═════ Information supplied ═════

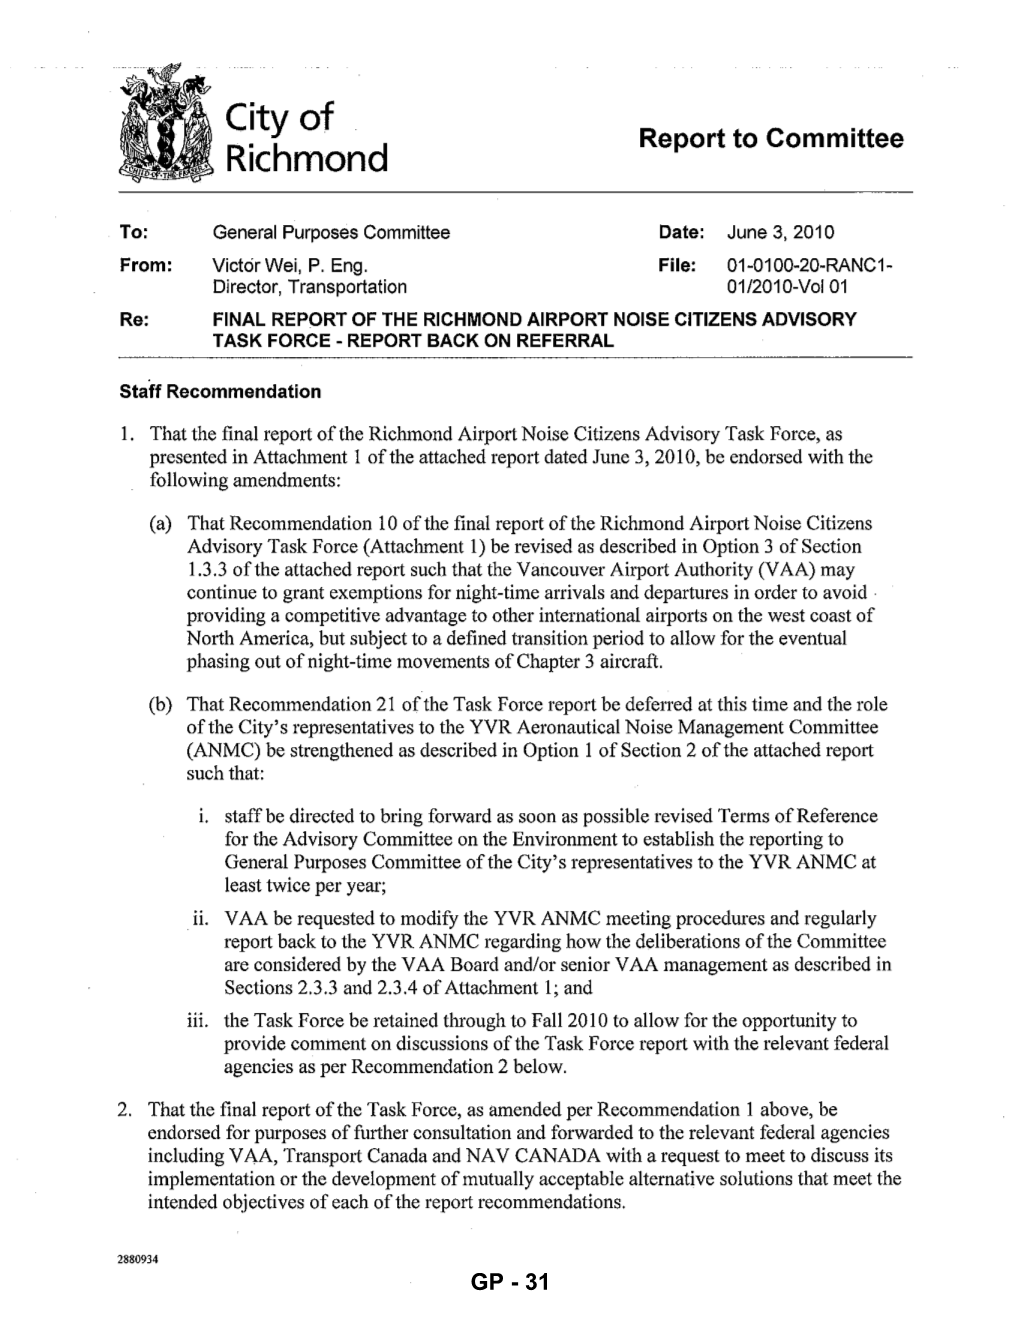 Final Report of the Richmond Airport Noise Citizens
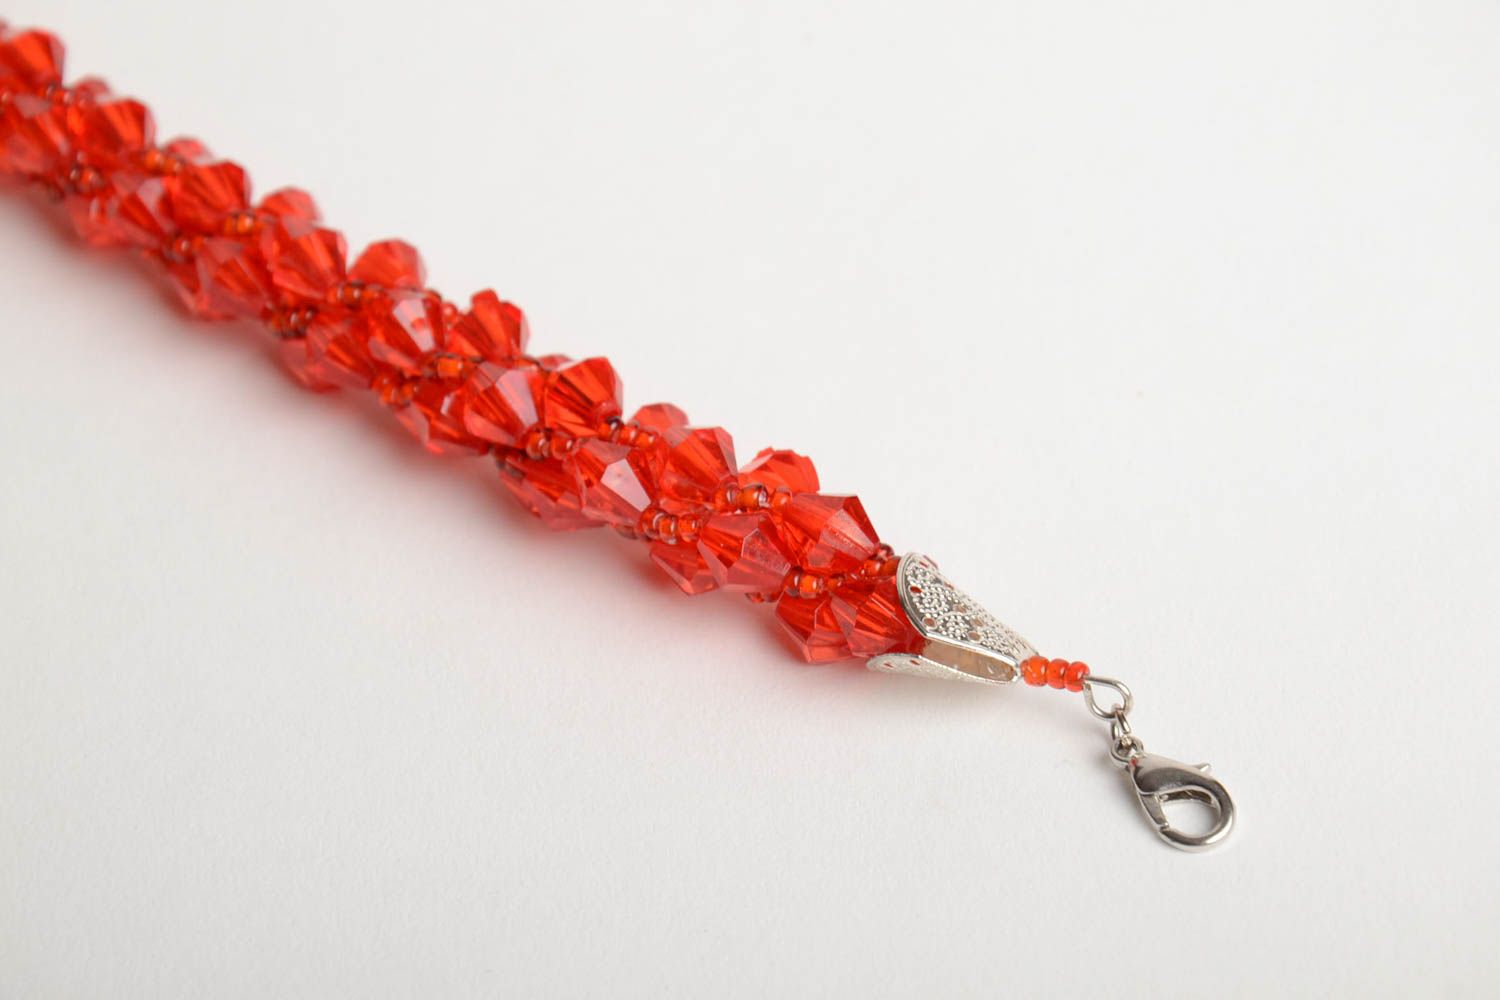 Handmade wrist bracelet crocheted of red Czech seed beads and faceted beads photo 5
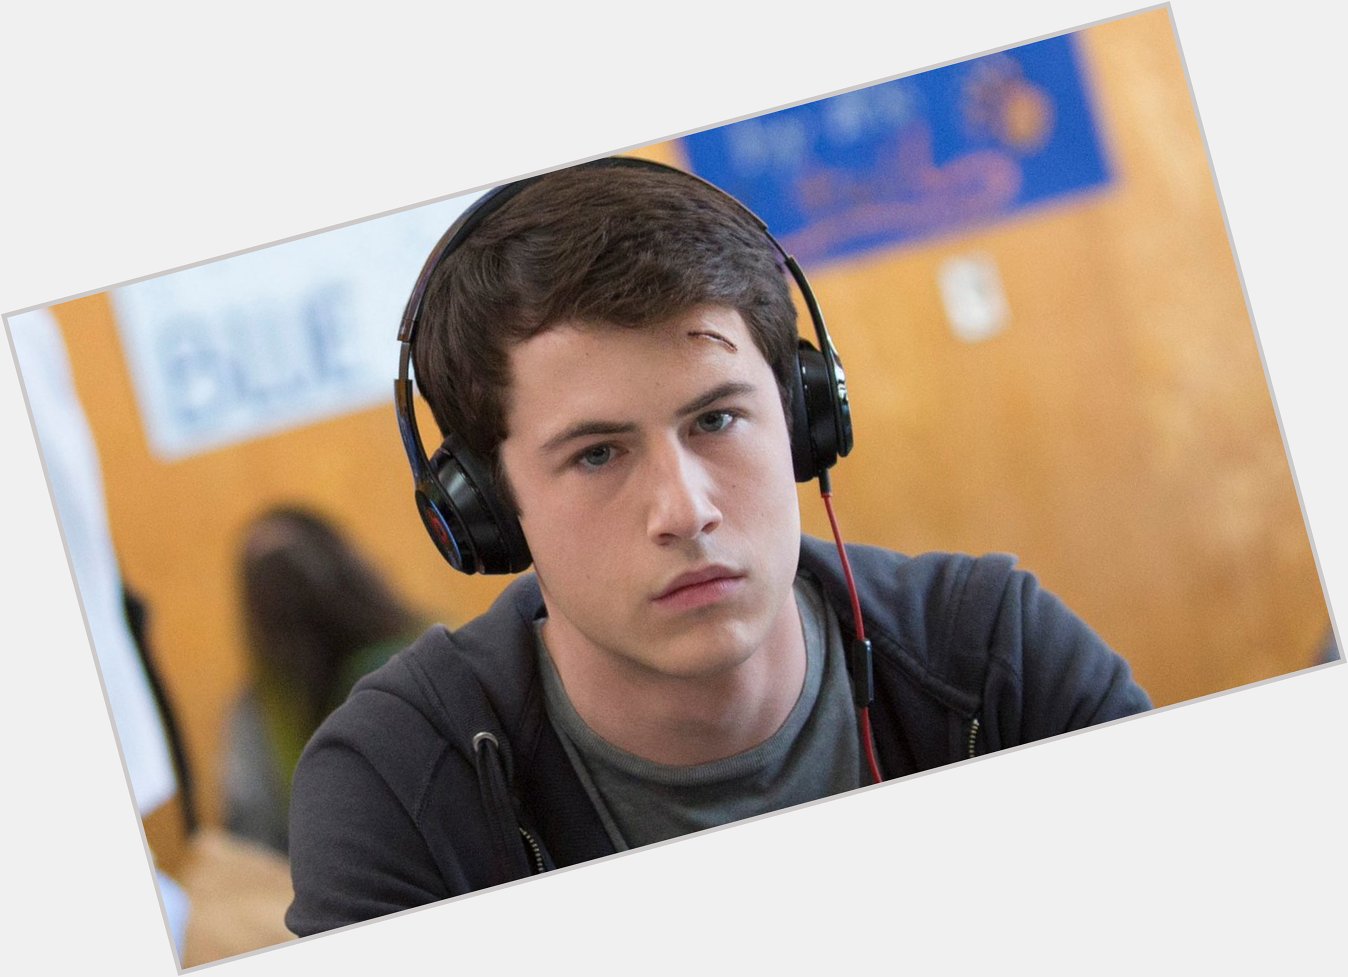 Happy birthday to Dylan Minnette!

═════

◆ What to do
Omitting all pictures, set the listing down exactly.

◆ Output below
 Final Report of the Richmond Airport Noise Citizens
 Handmade wrist bracelet crocheted of red Czech seed beads and faceted beads photo 5
 Happy birthday to Dylan Minnette!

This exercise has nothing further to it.